## Required action
Your answer must be the full set of records, copied exactly, with no pictures in it.

**** Exercise materials

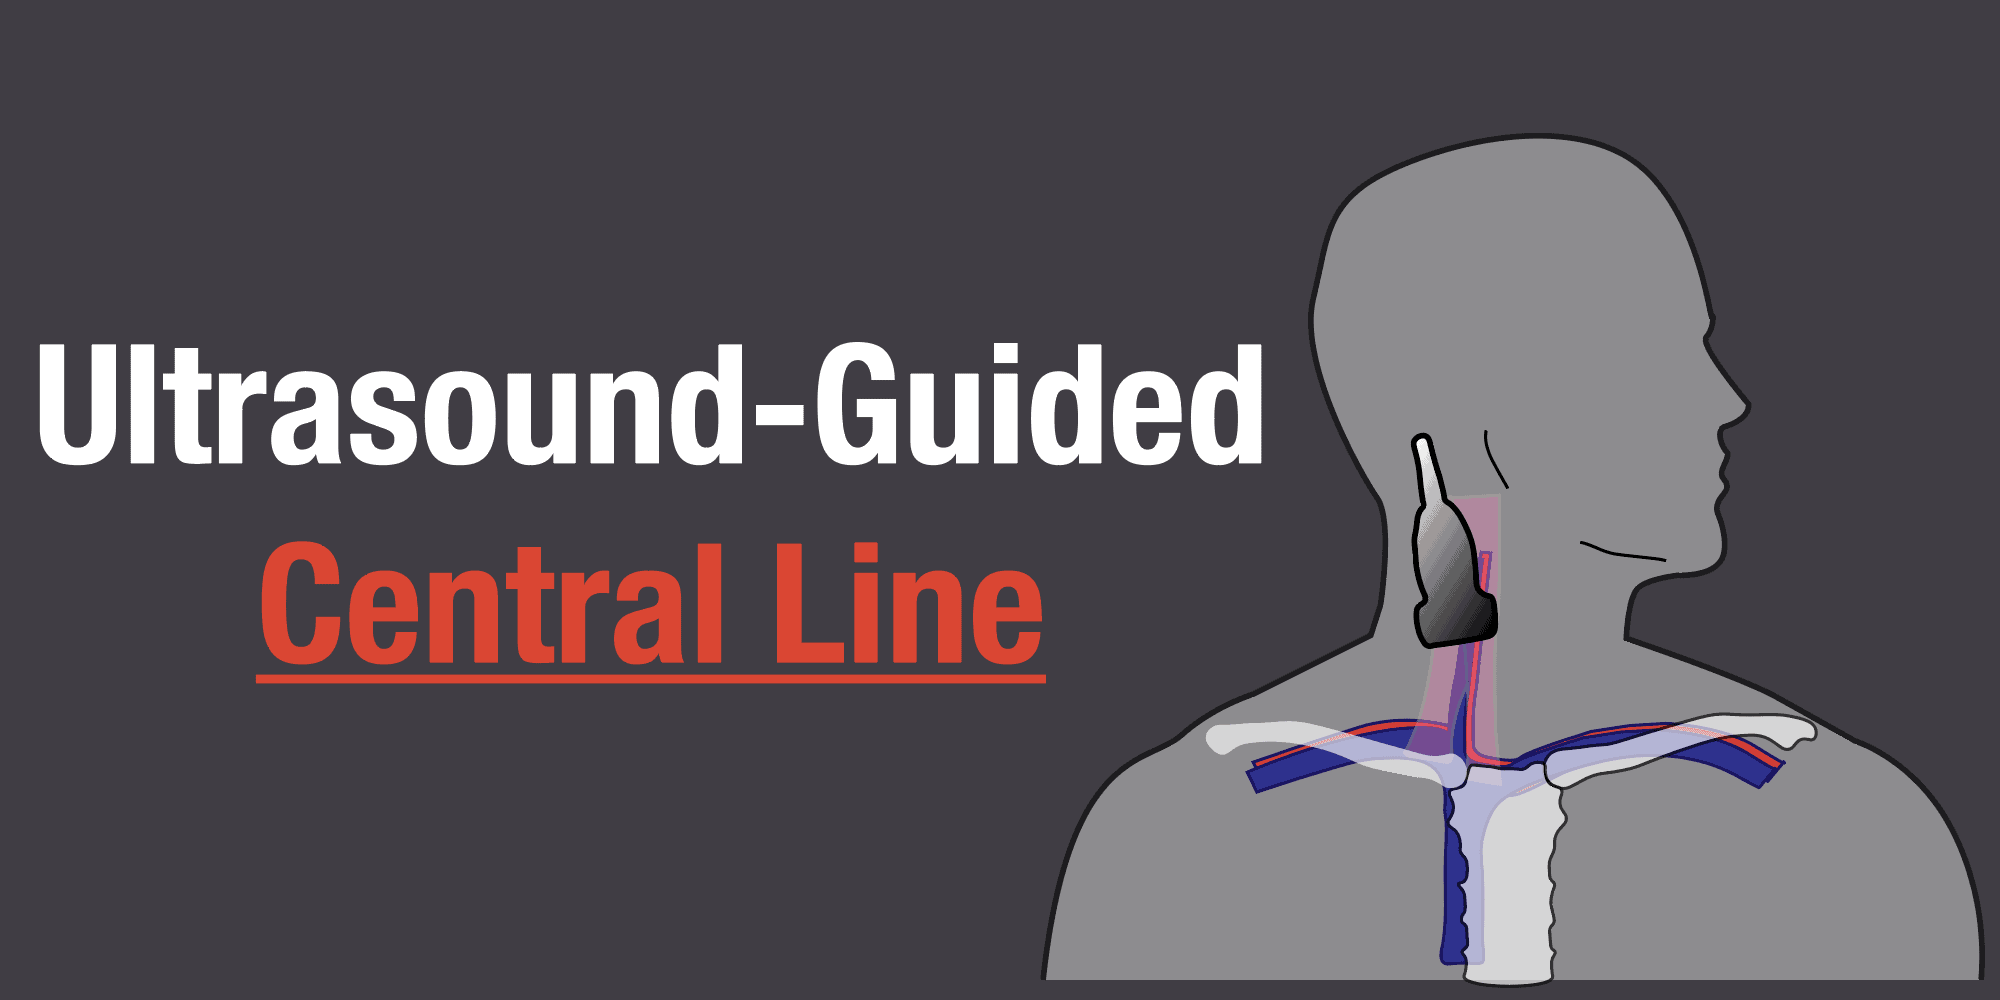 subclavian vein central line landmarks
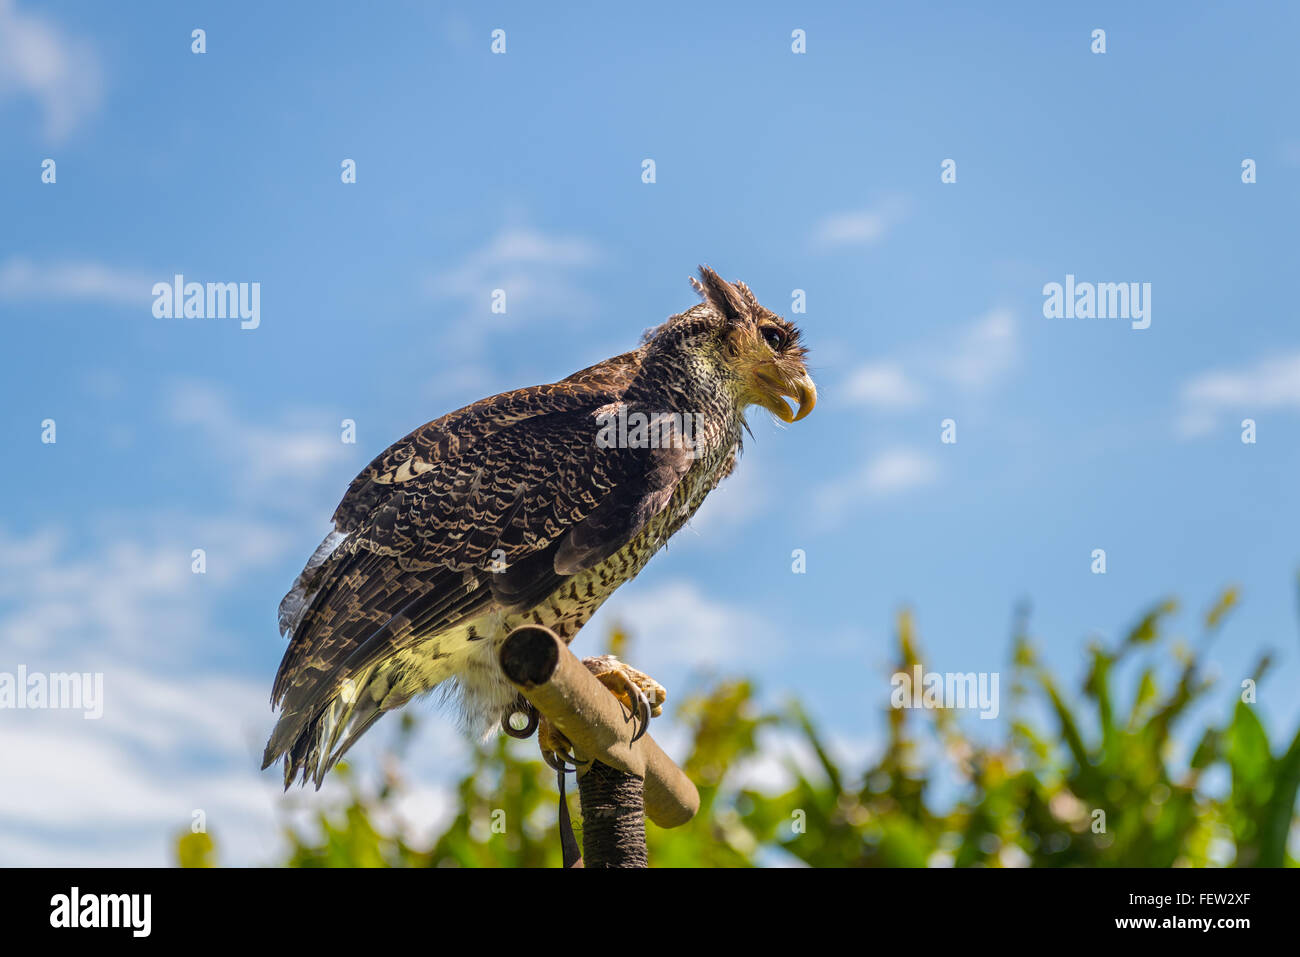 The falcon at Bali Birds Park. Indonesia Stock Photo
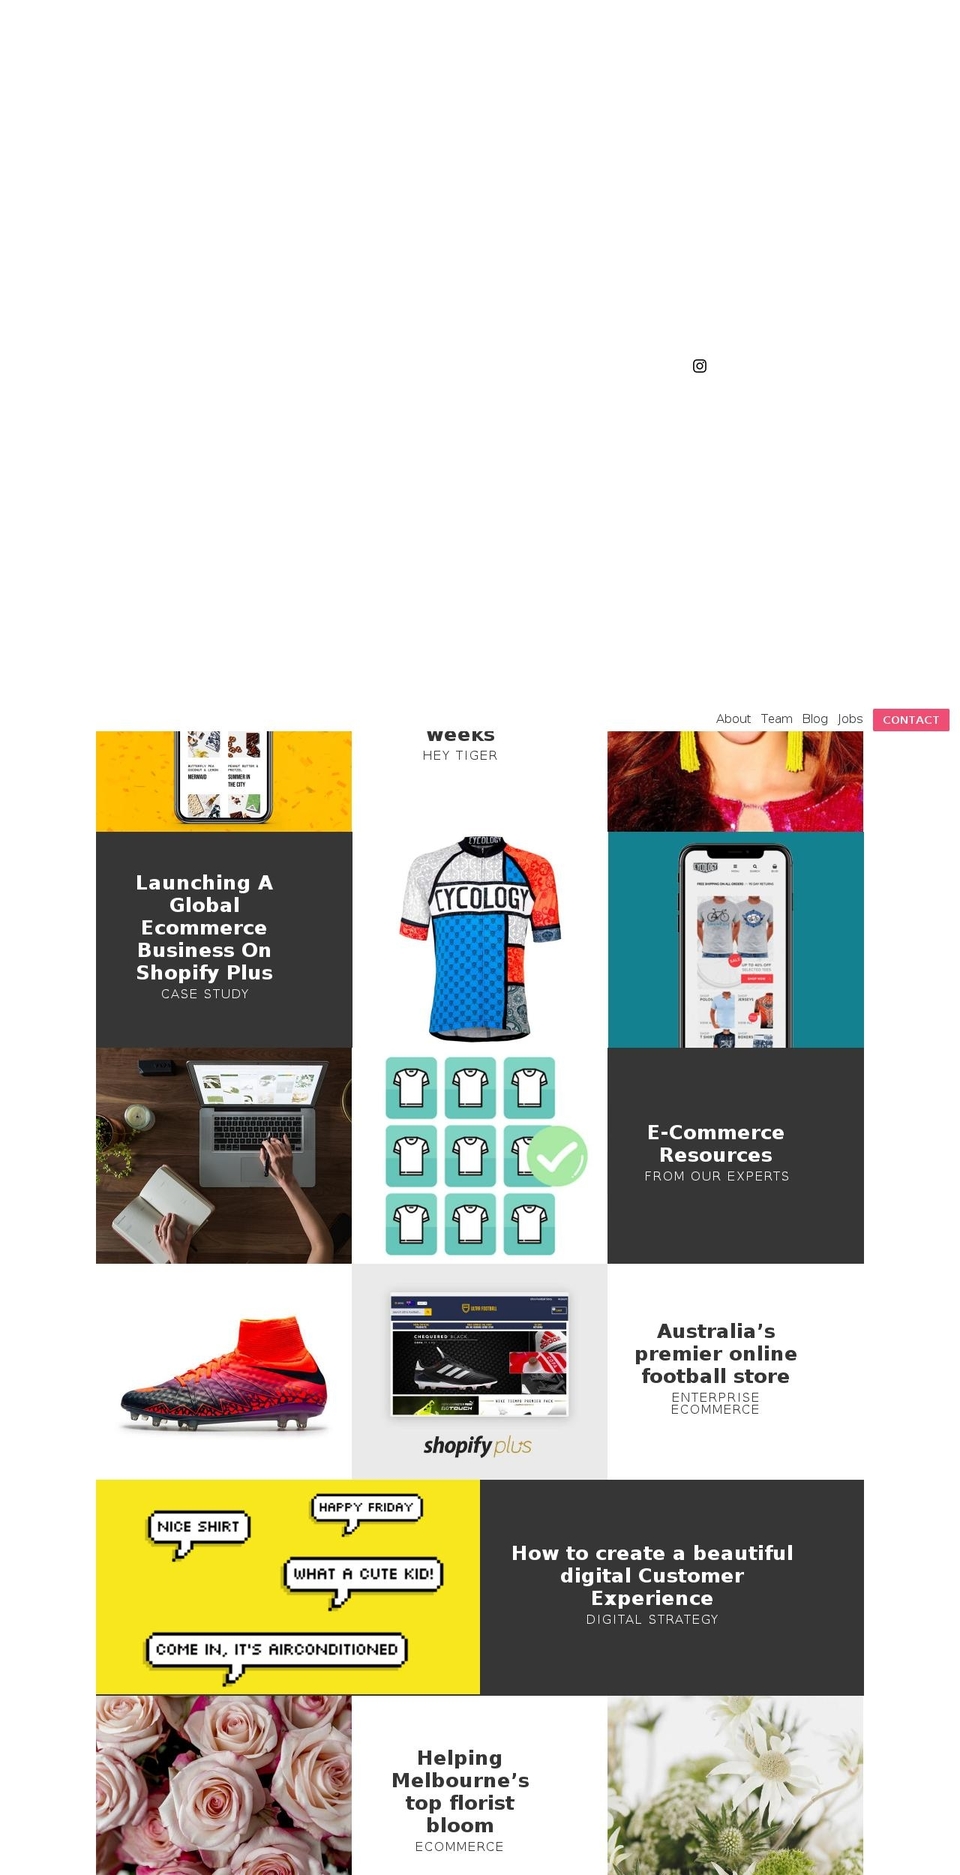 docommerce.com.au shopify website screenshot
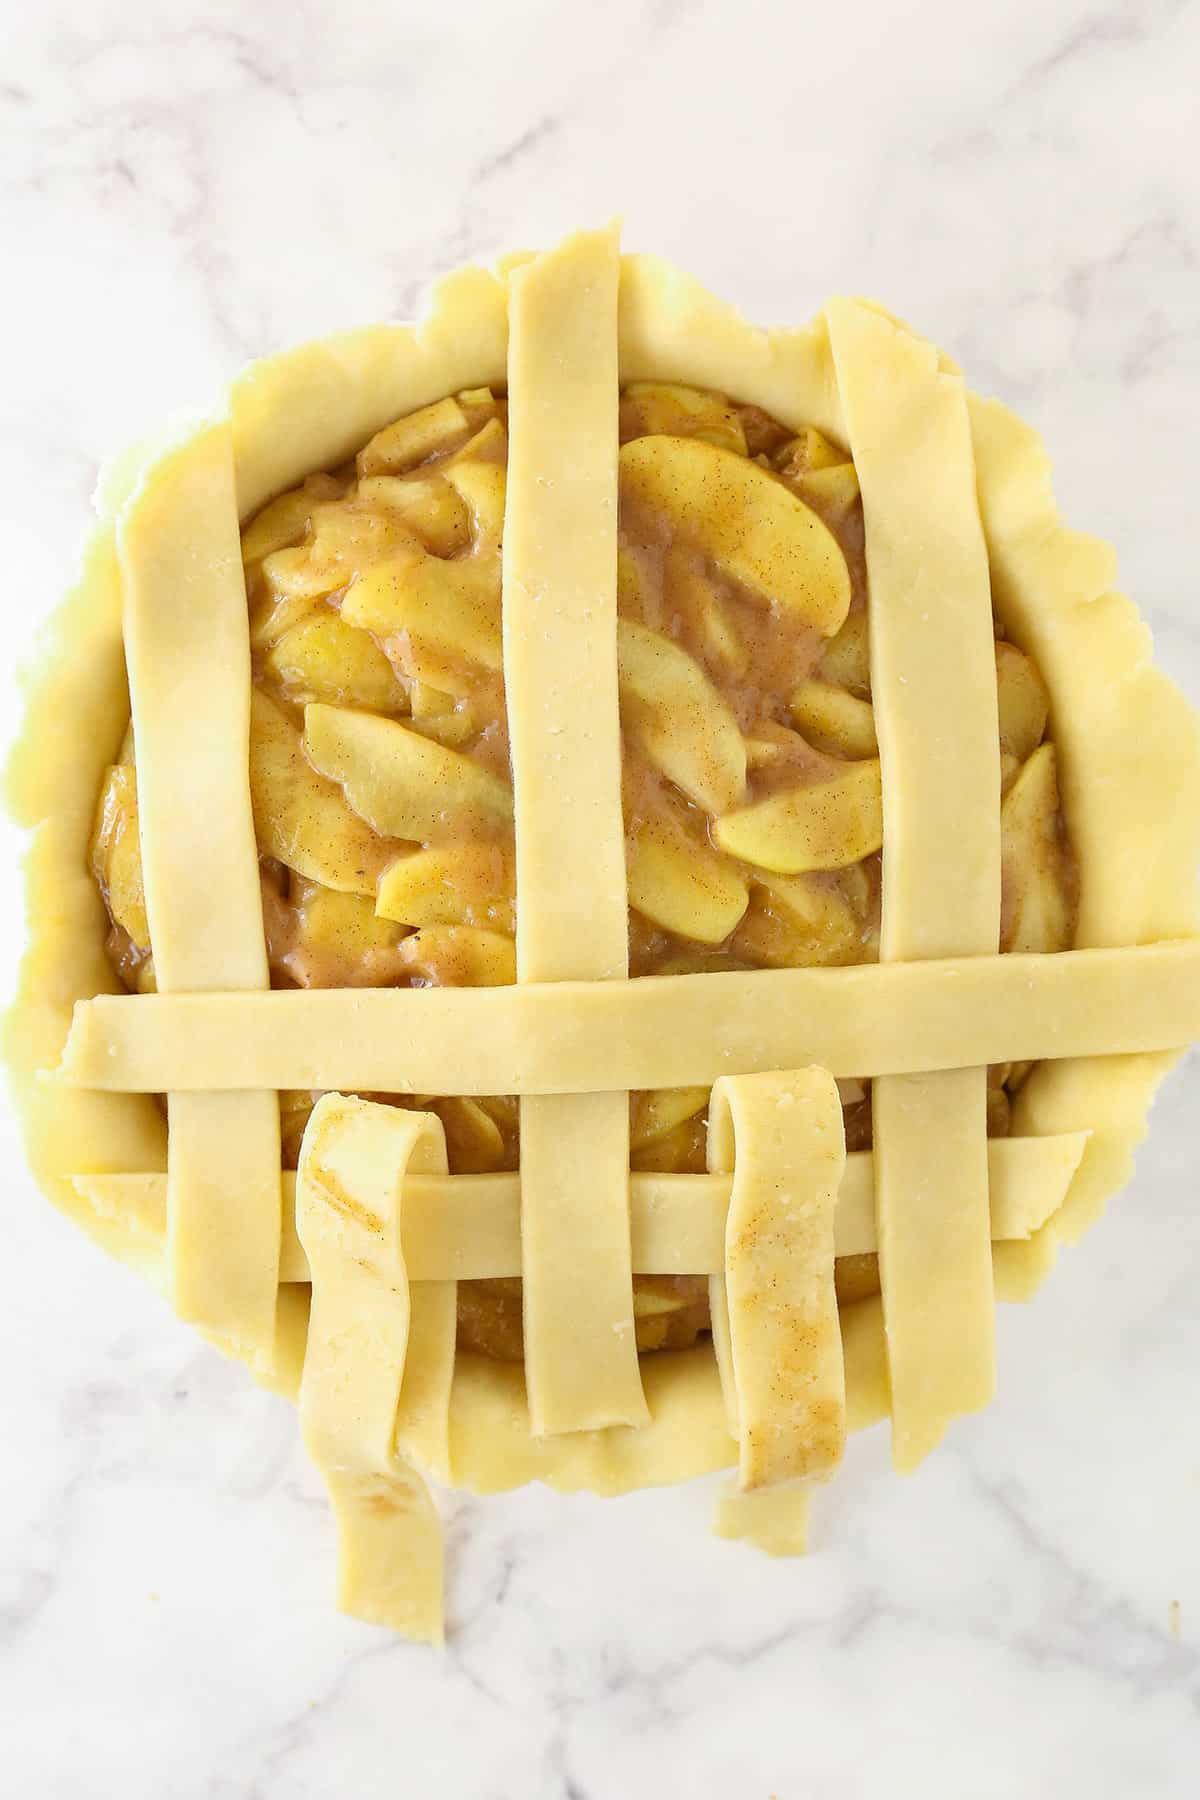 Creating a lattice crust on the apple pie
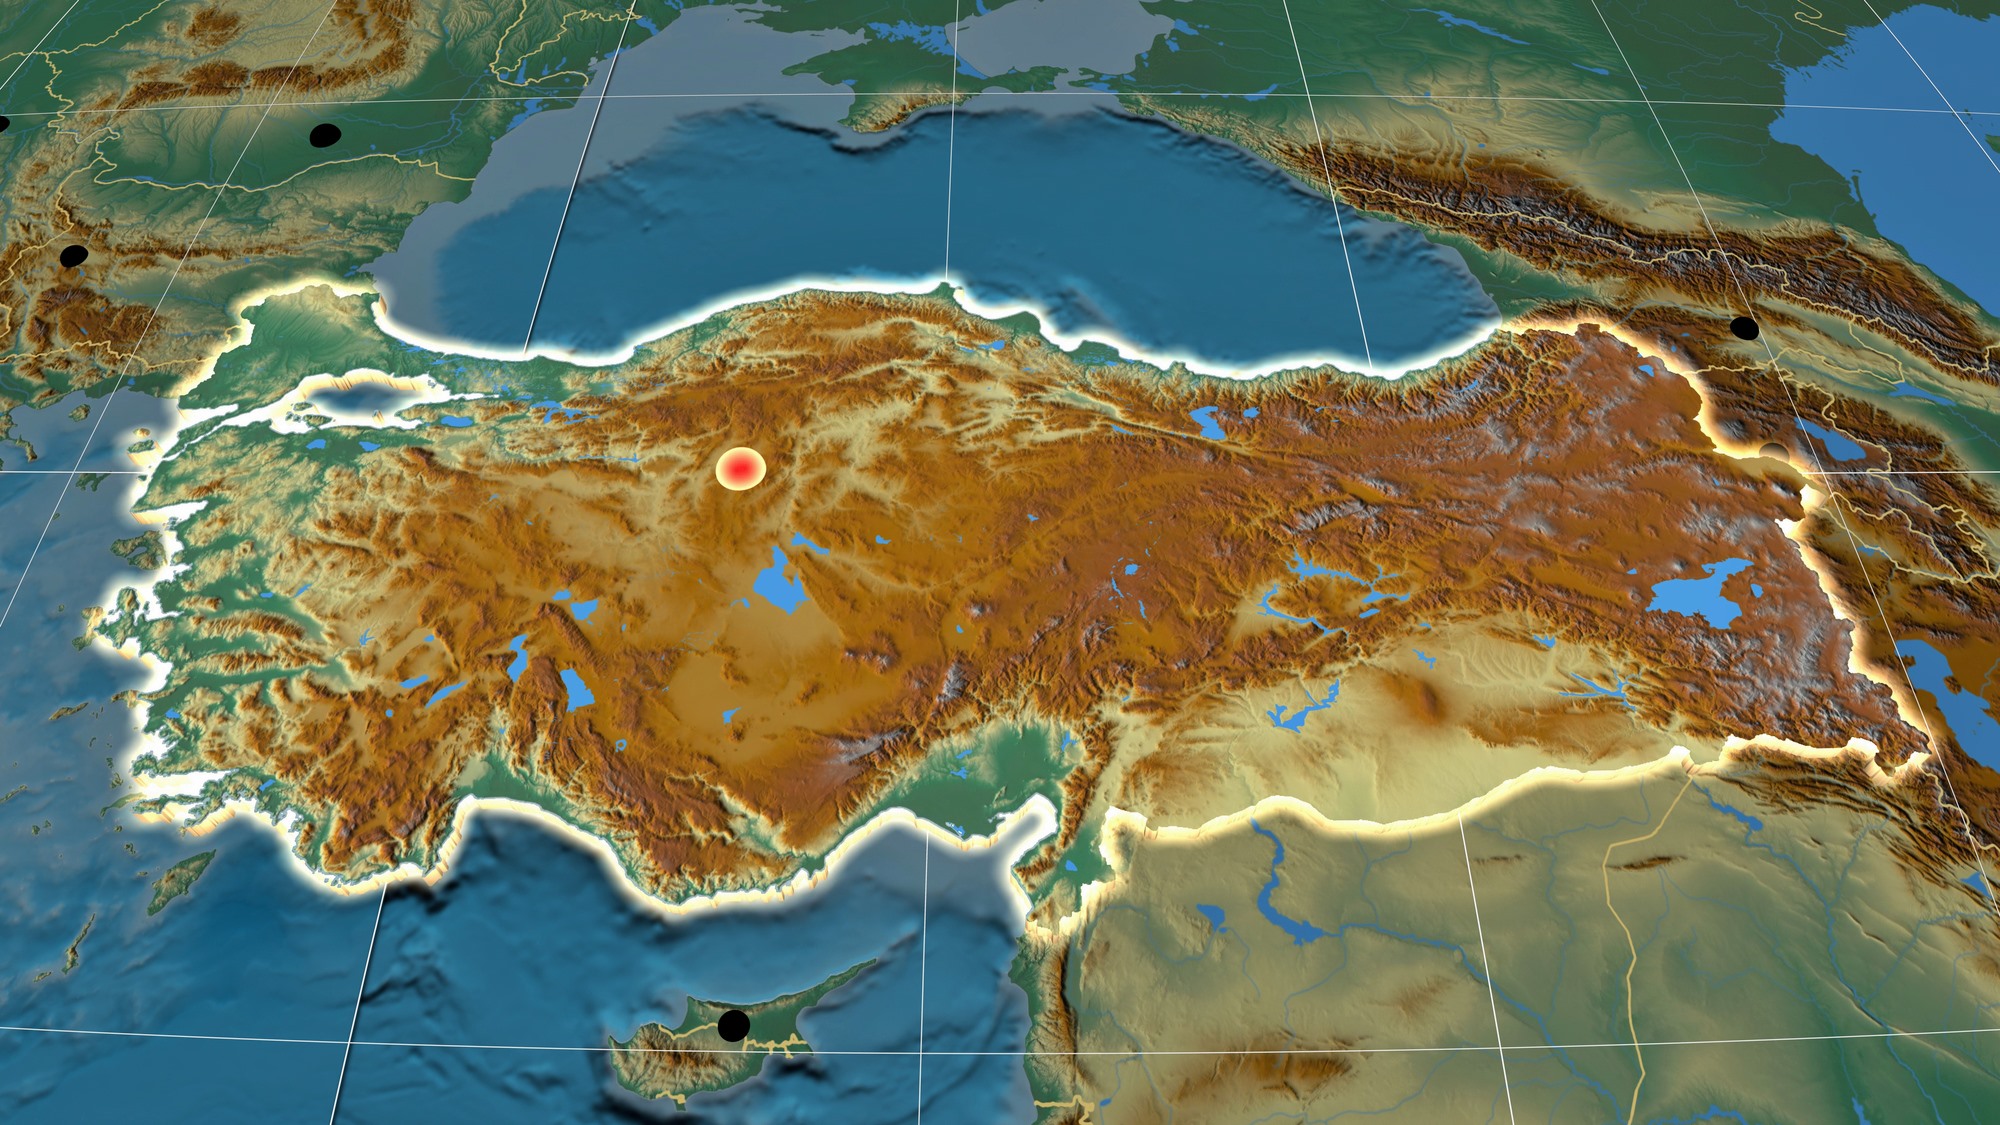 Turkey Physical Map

********

## Exercise output
 subclavian vein central line landmarks
 The falcon at Bali Birds Park. Indonesia Stock Photo
 docommerce.com.au shopify website screenshot
 Creating a lattice crust on the apple pie
 Turkey Physical Map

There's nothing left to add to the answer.